_DATASET CONTENT_
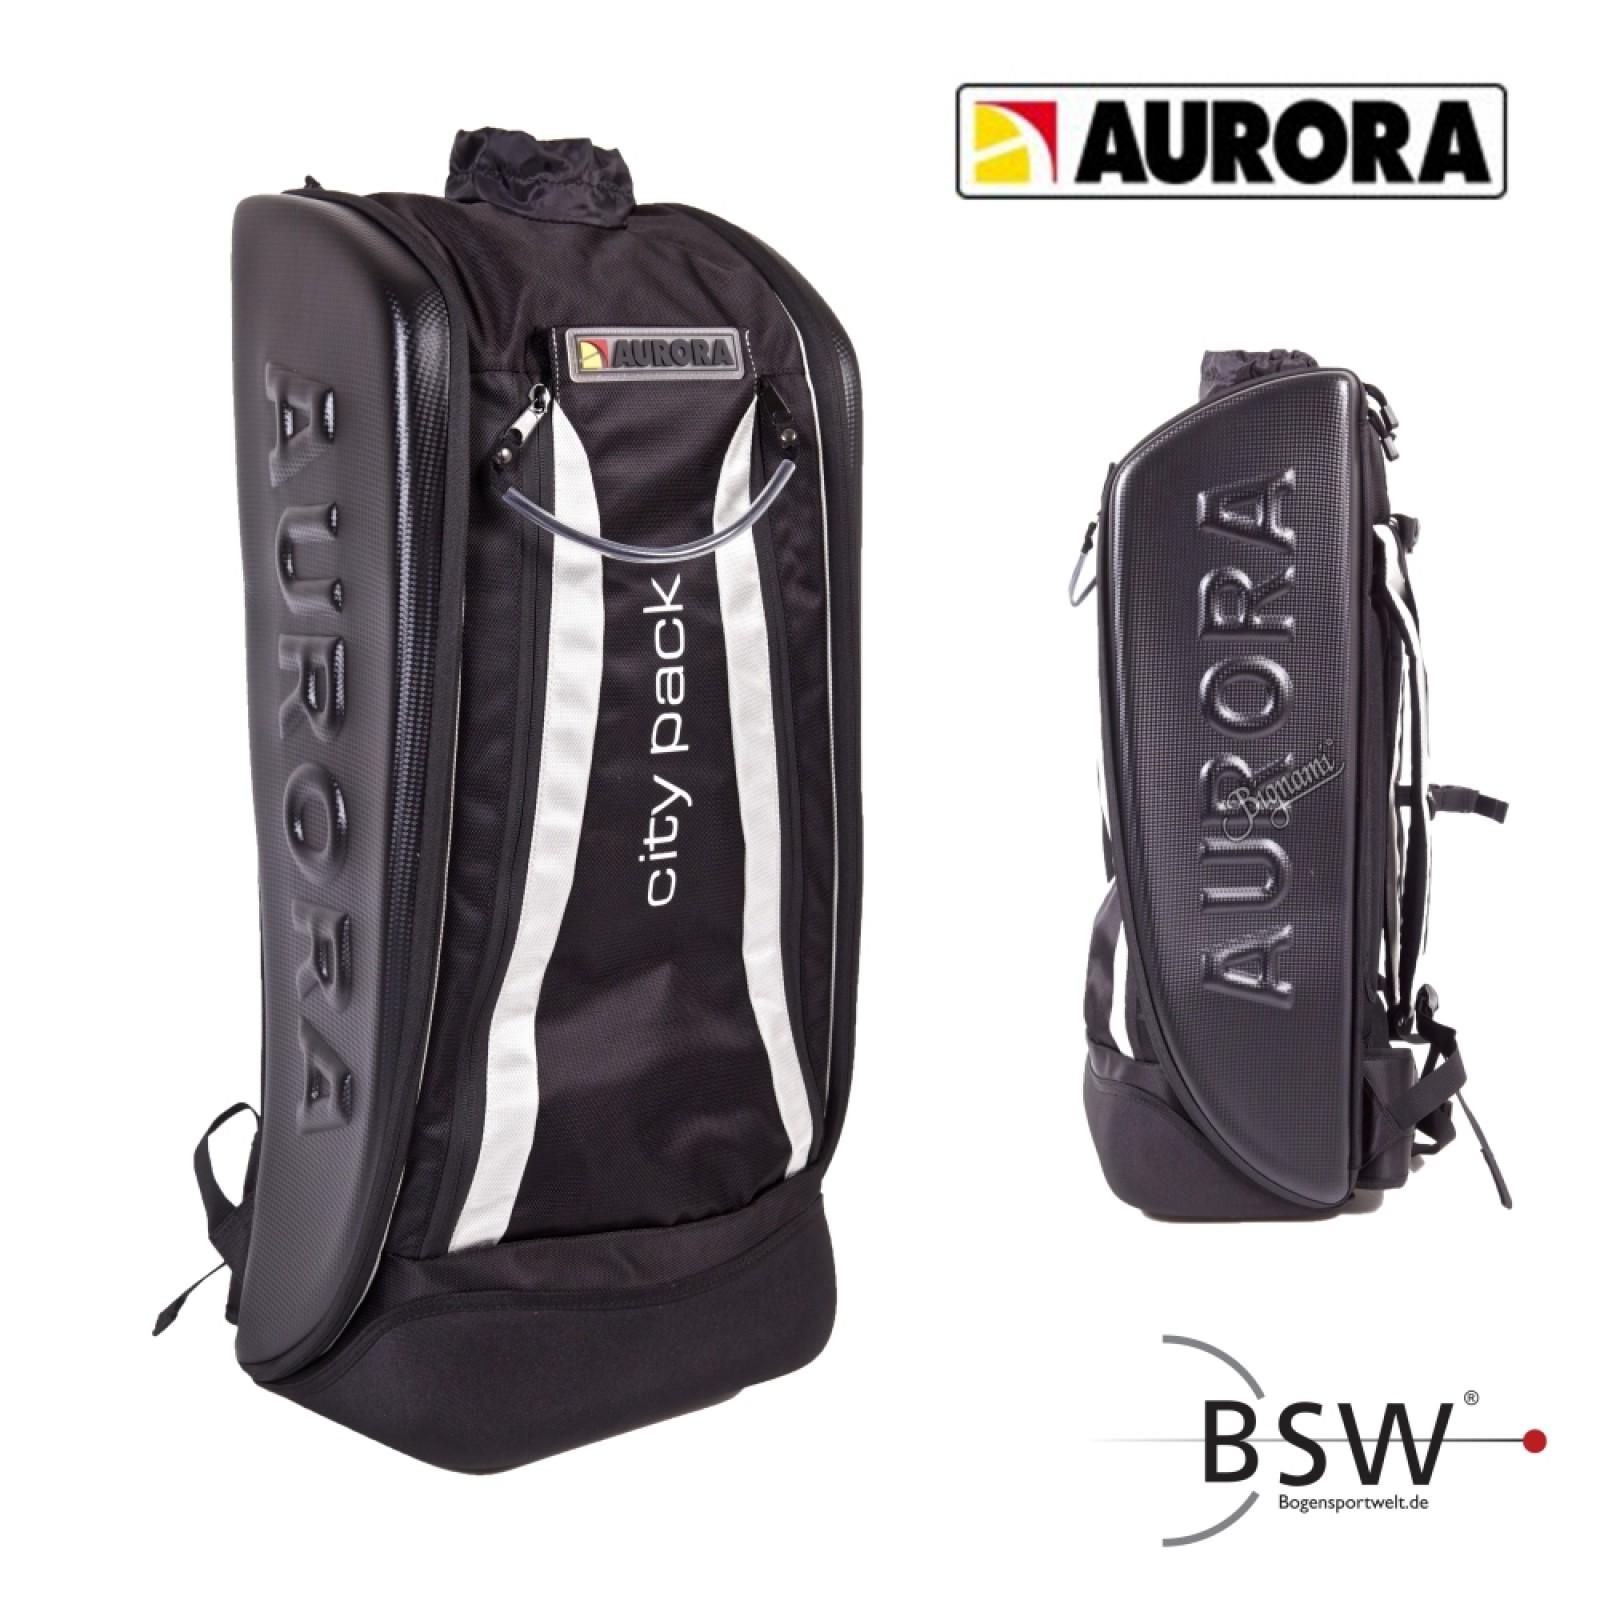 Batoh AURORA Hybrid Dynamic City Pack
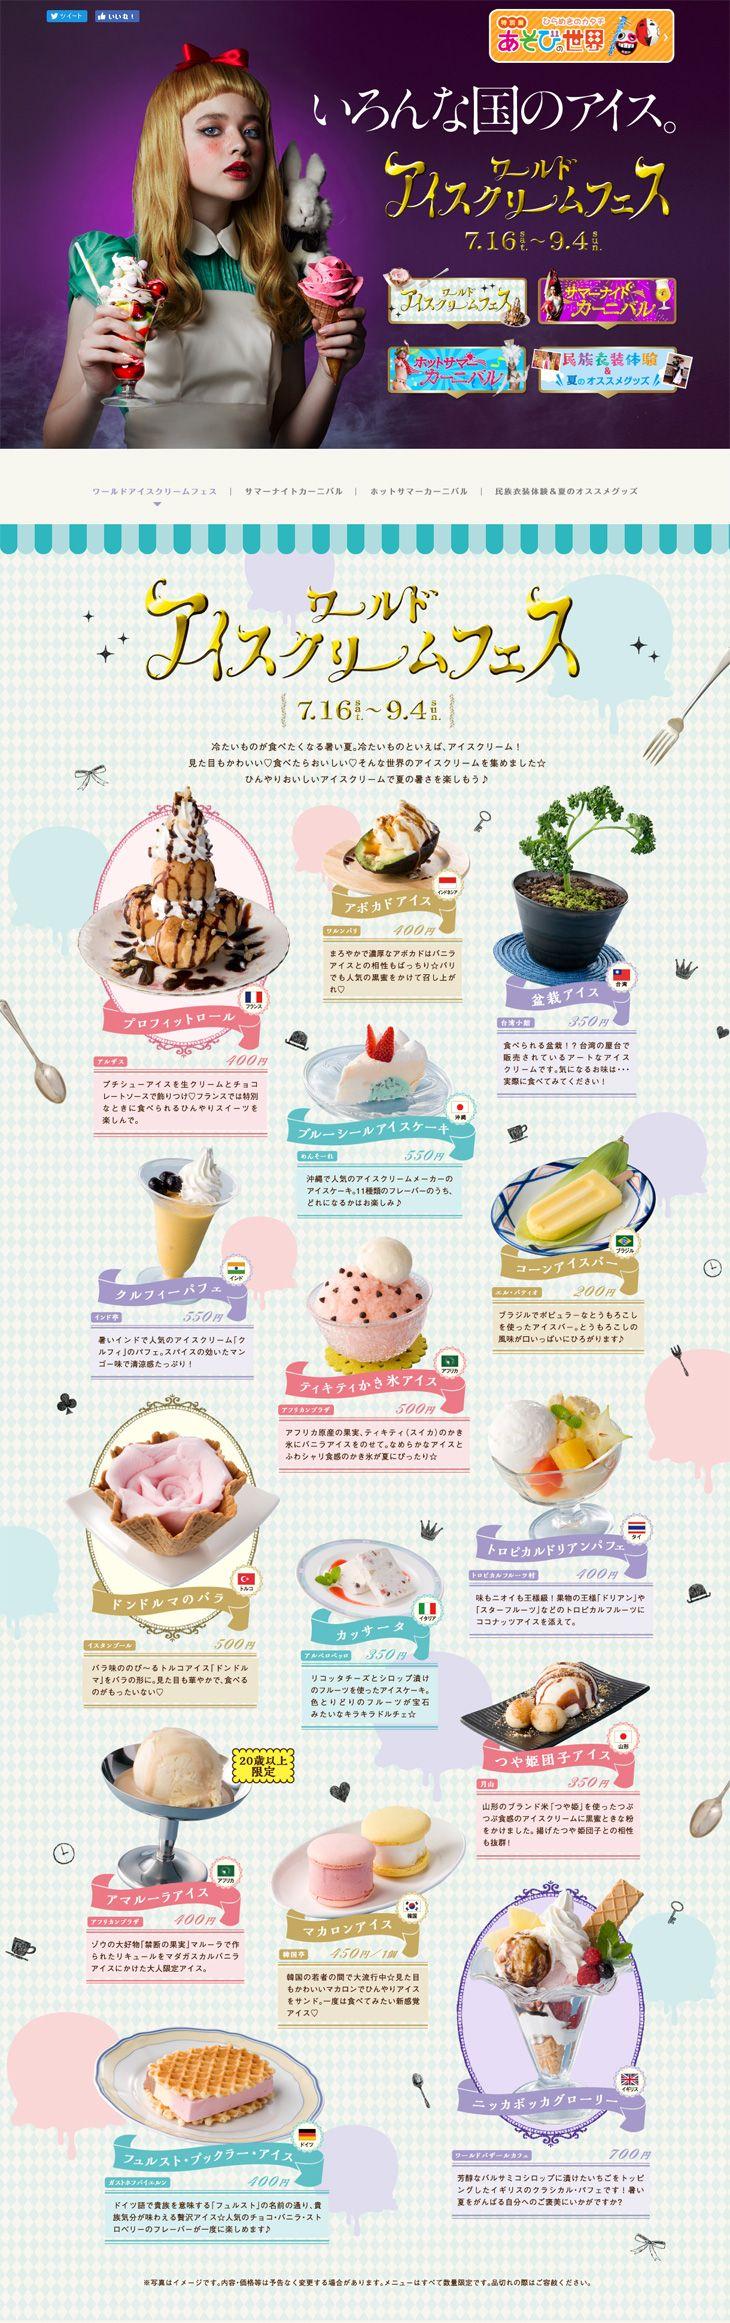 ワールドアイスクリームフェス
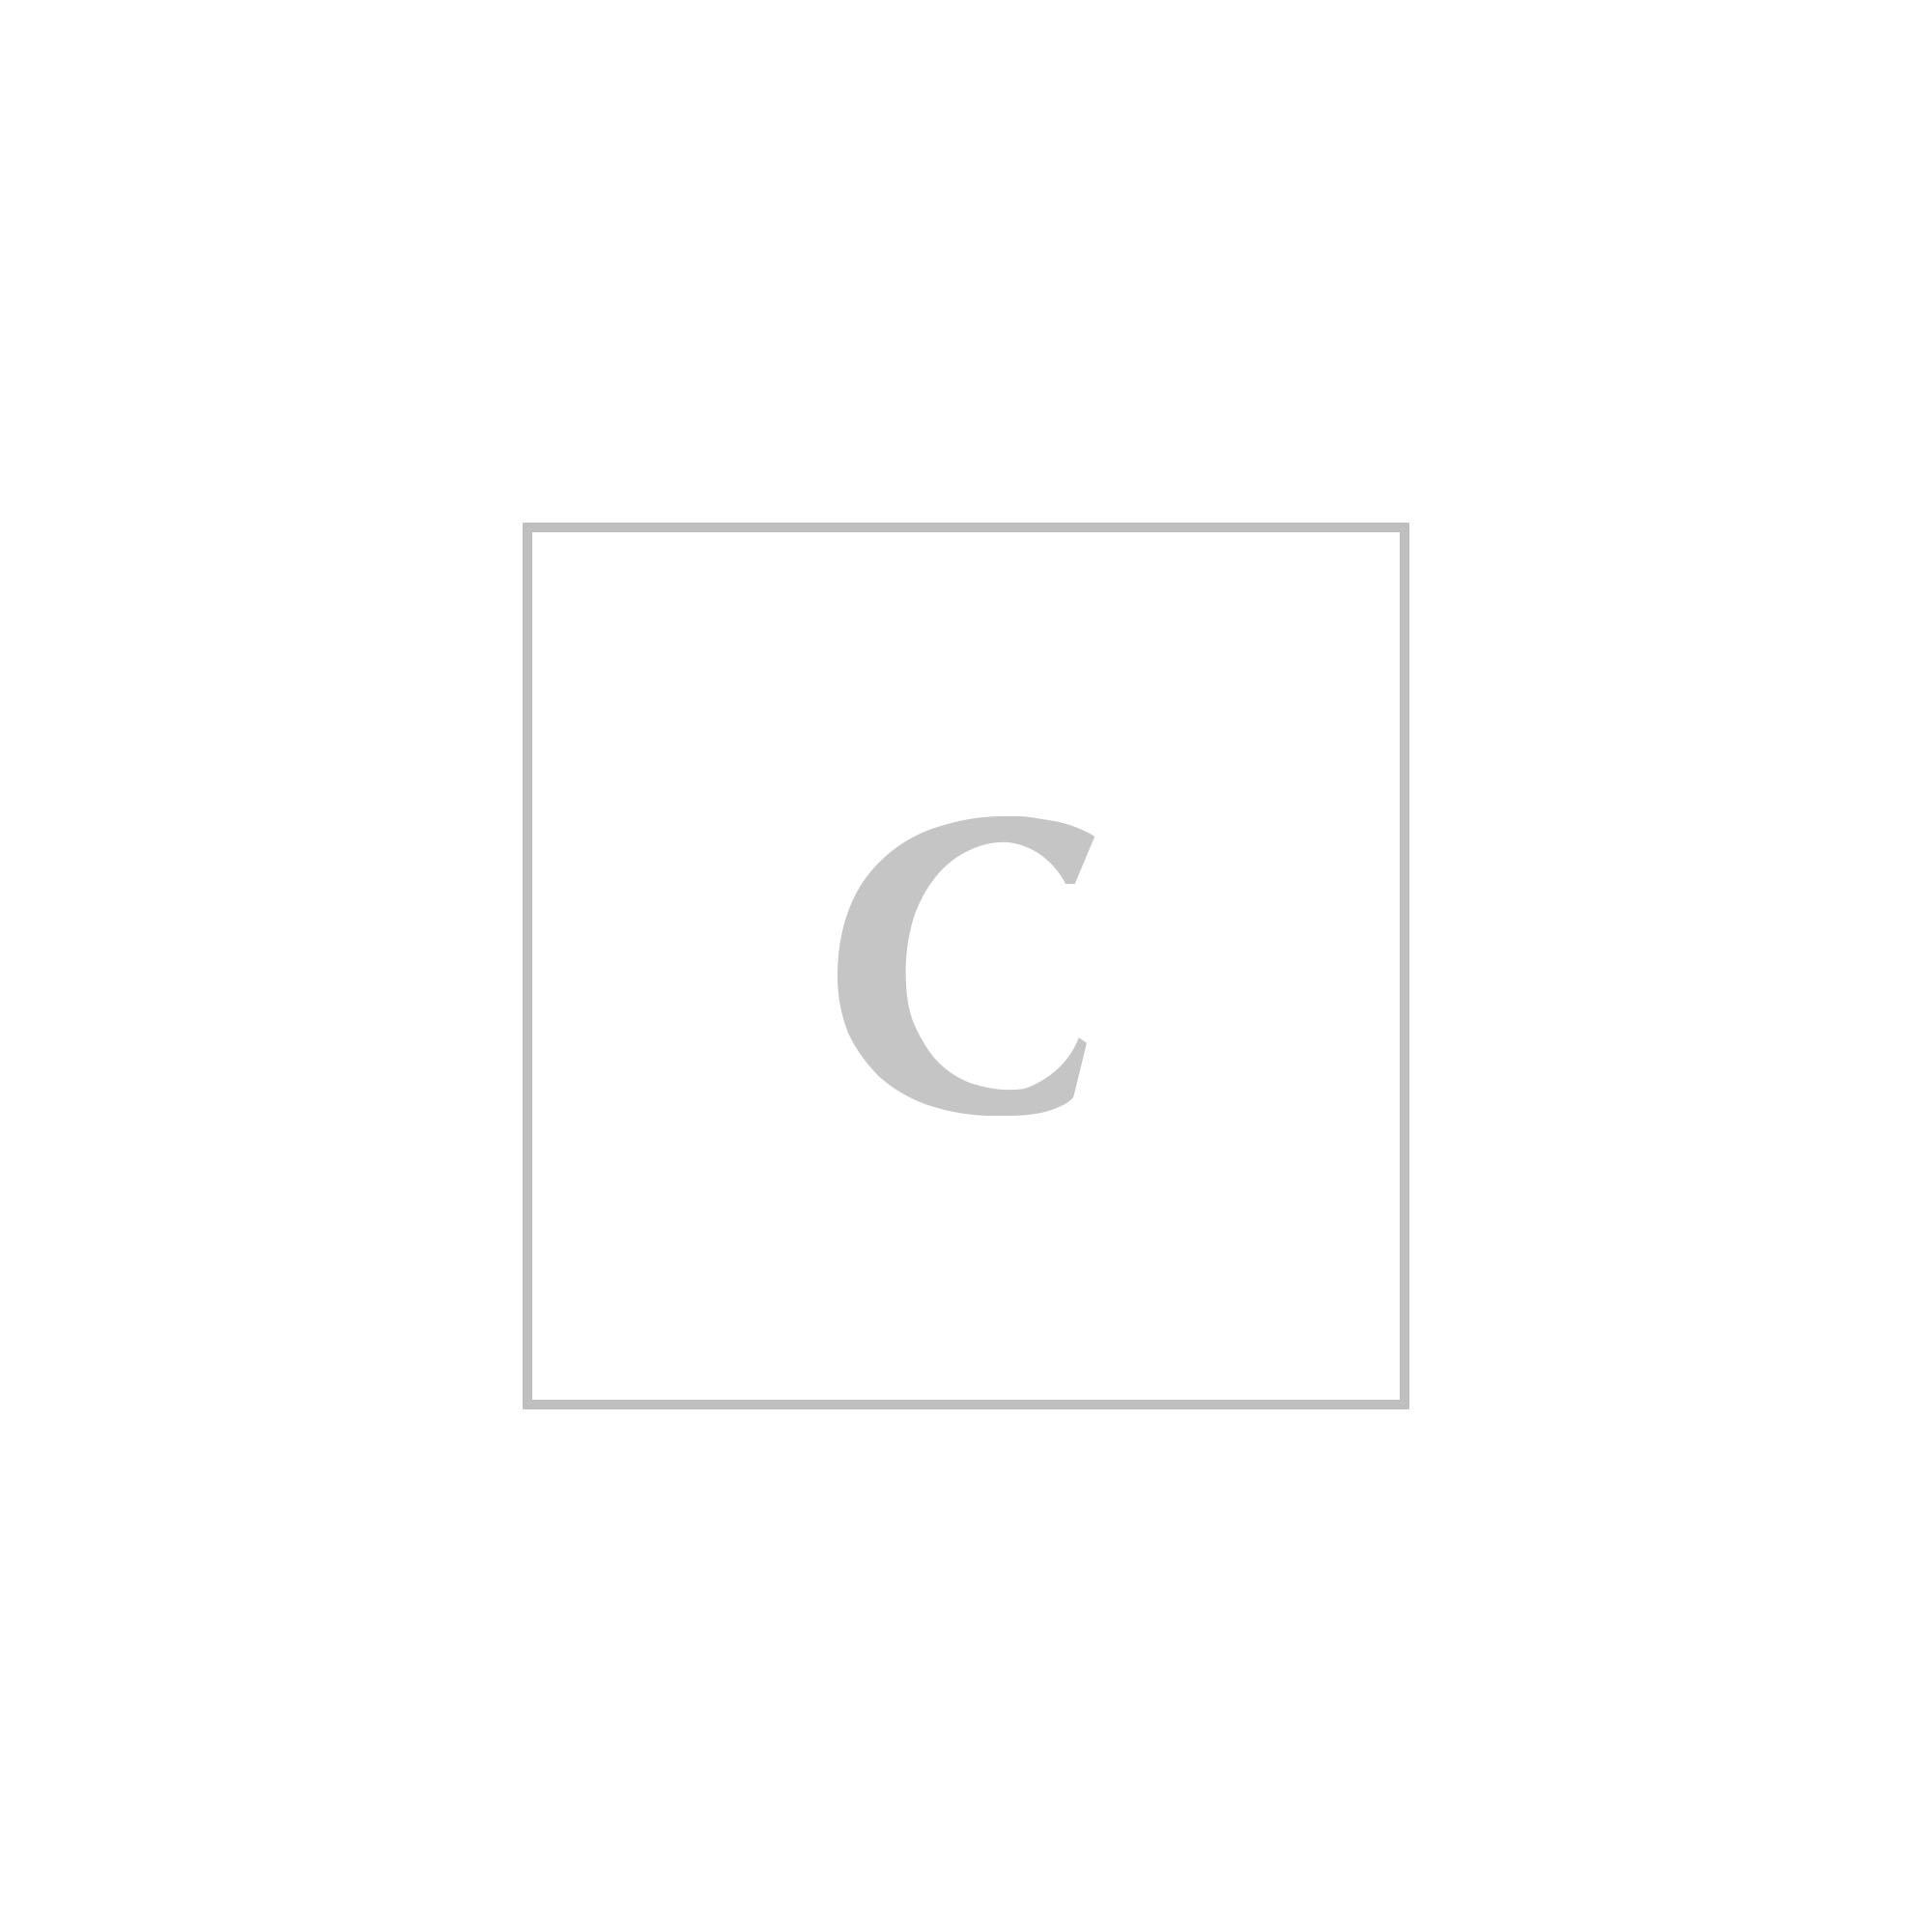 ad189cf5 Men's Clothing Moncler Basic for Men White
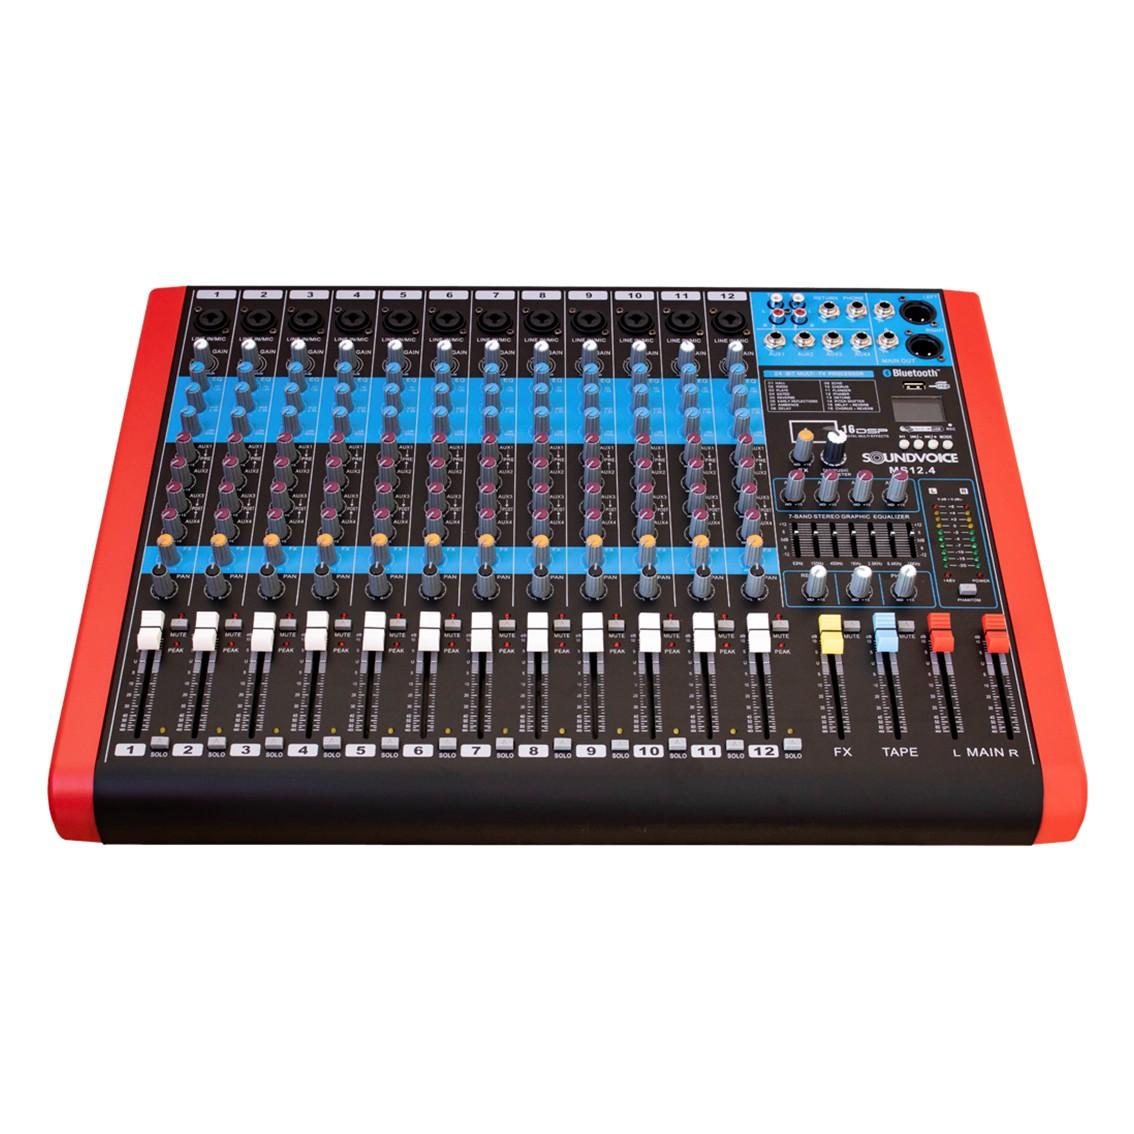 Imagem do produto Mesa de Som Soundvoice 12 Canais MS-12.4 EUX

_YOUR OBJECTIVE_
Your reply should hold every line above exactly as written and none of the pictures.

_EXERCISE OUTPUT_
 Batoh AURORA Hybrid Dynamic City Pack
 ワールドアイスクリームフェス
 ad189cf5 Men's Clothing Moncler Basic for Men White
 Imagem do produto Mesa de Som Soundvoice 12 Canais MS-12.4 EUX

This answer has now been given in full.